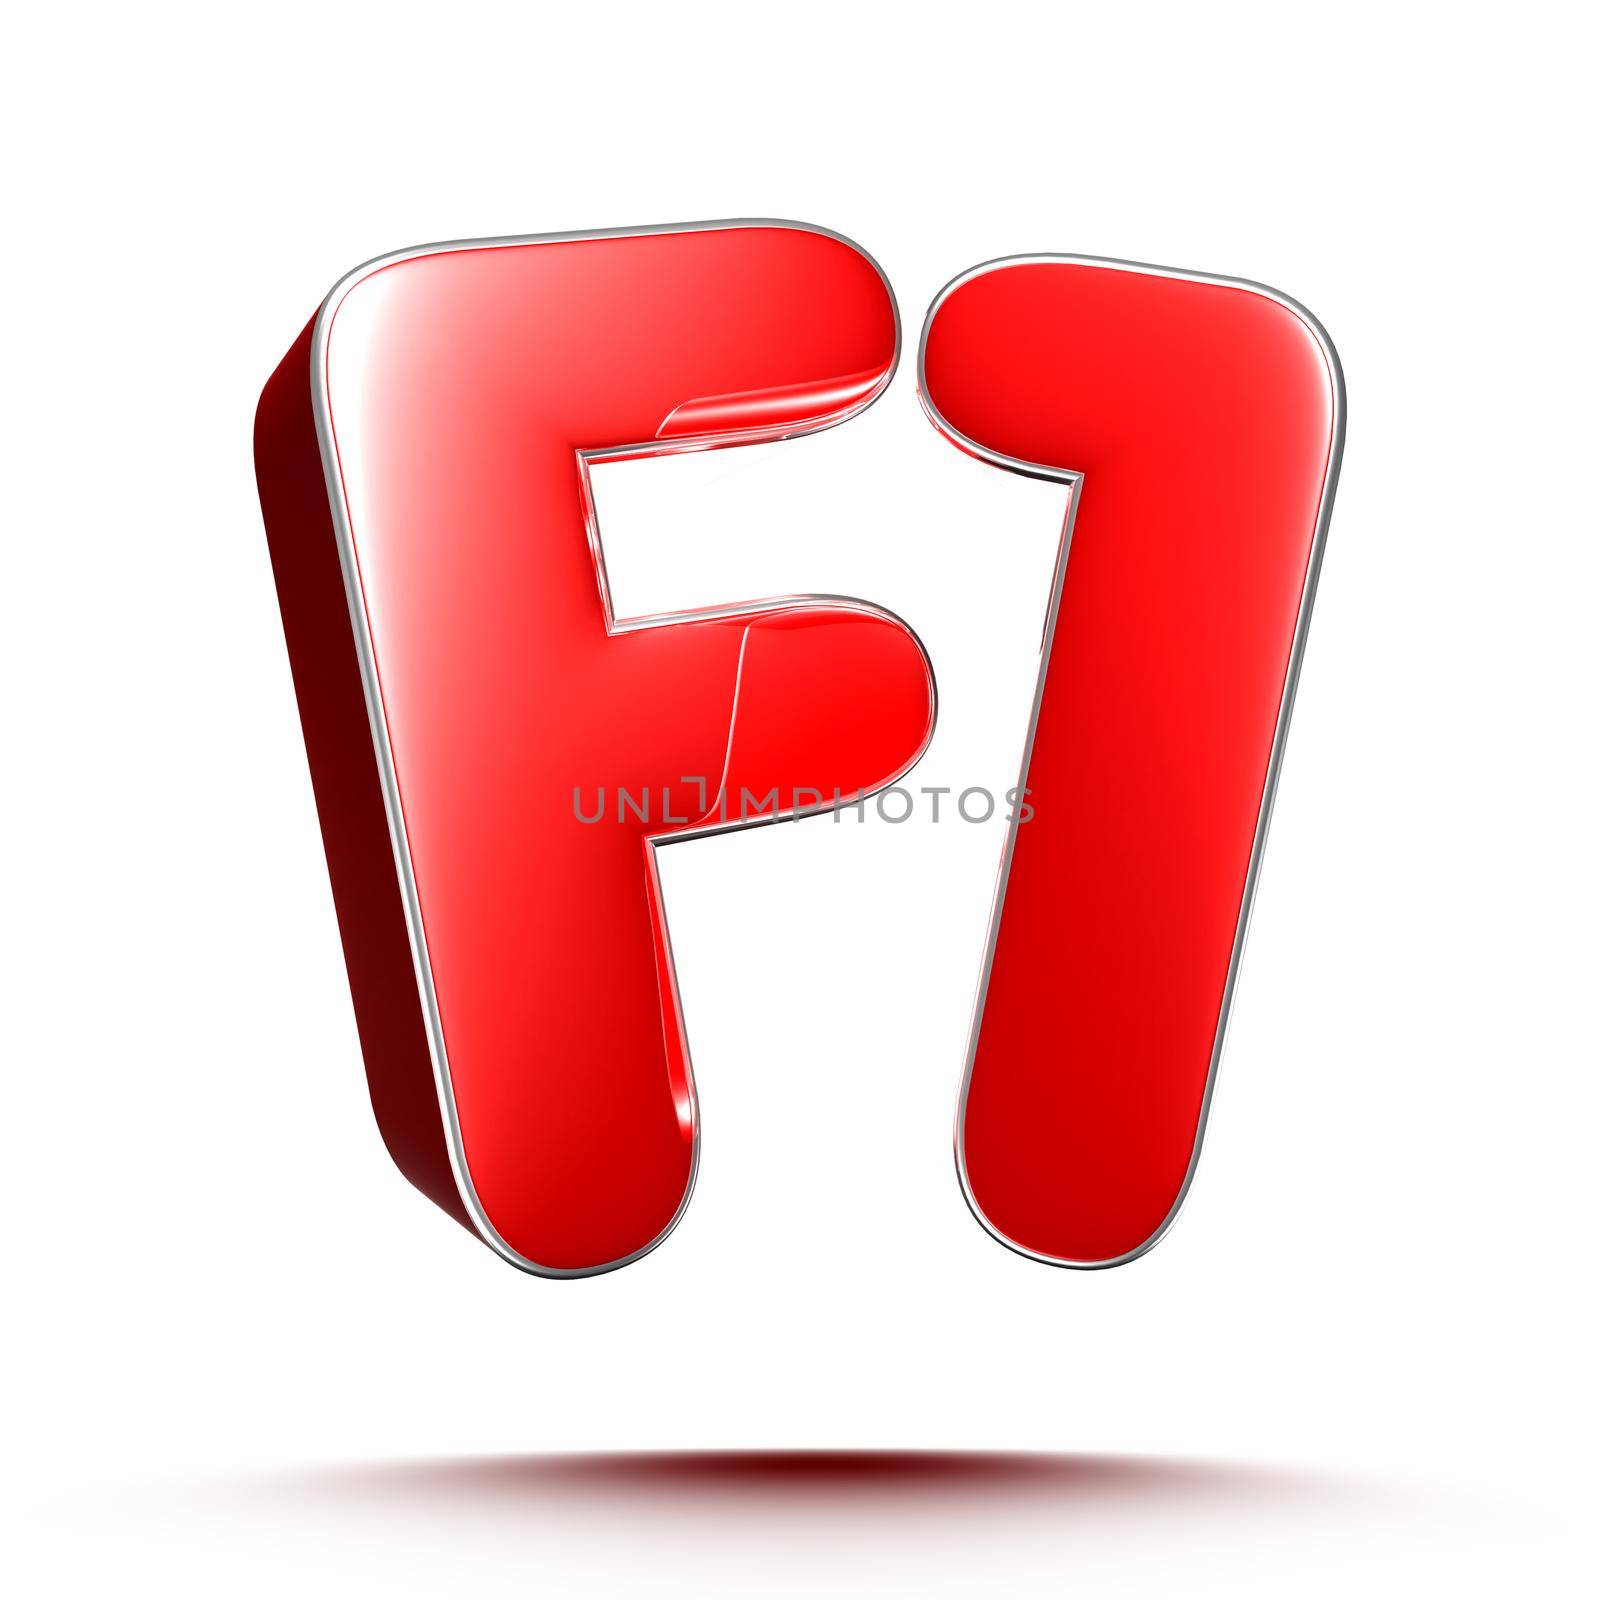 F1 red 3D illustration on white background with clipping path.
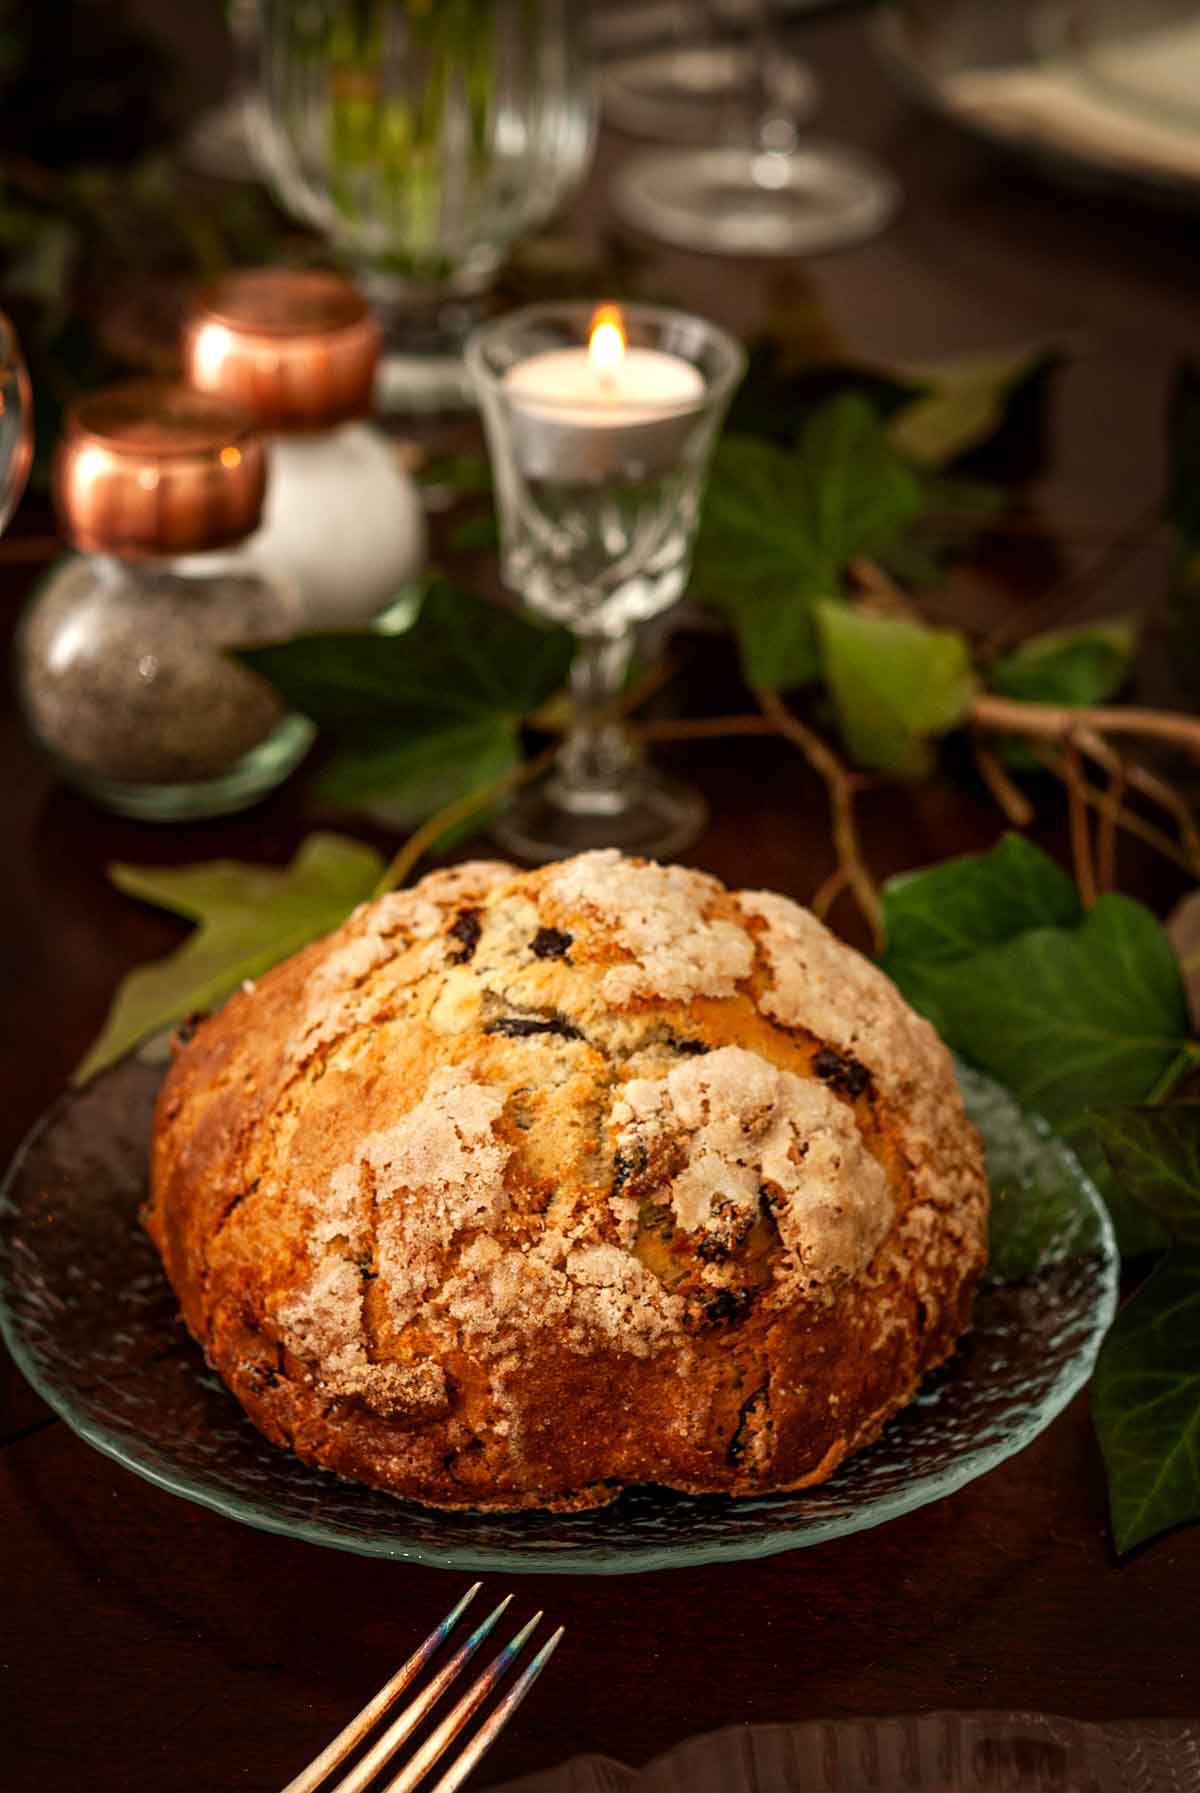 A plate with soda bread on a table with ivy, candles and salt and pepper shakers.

☆ ☆ ☆ ☆ ☆ ☆ ☆

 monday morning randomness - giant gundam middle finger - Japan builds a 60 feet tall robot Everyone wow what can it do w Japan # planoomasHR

☆ ☆ ☆ ☆ ☆ ☆ ☆

PROBLEM TO SOLVE>
Print, word for word, the lines above that run from the line containing "F1 red 3D illustration" to the line containing "A plate with", both included. Keep the pictures out.

COMPLETED EXERCISE>
 F1 red 3D illustration on white background with clipping path.
 A plate with soda bread on a table with ivy, candles and salt and pepper shakers.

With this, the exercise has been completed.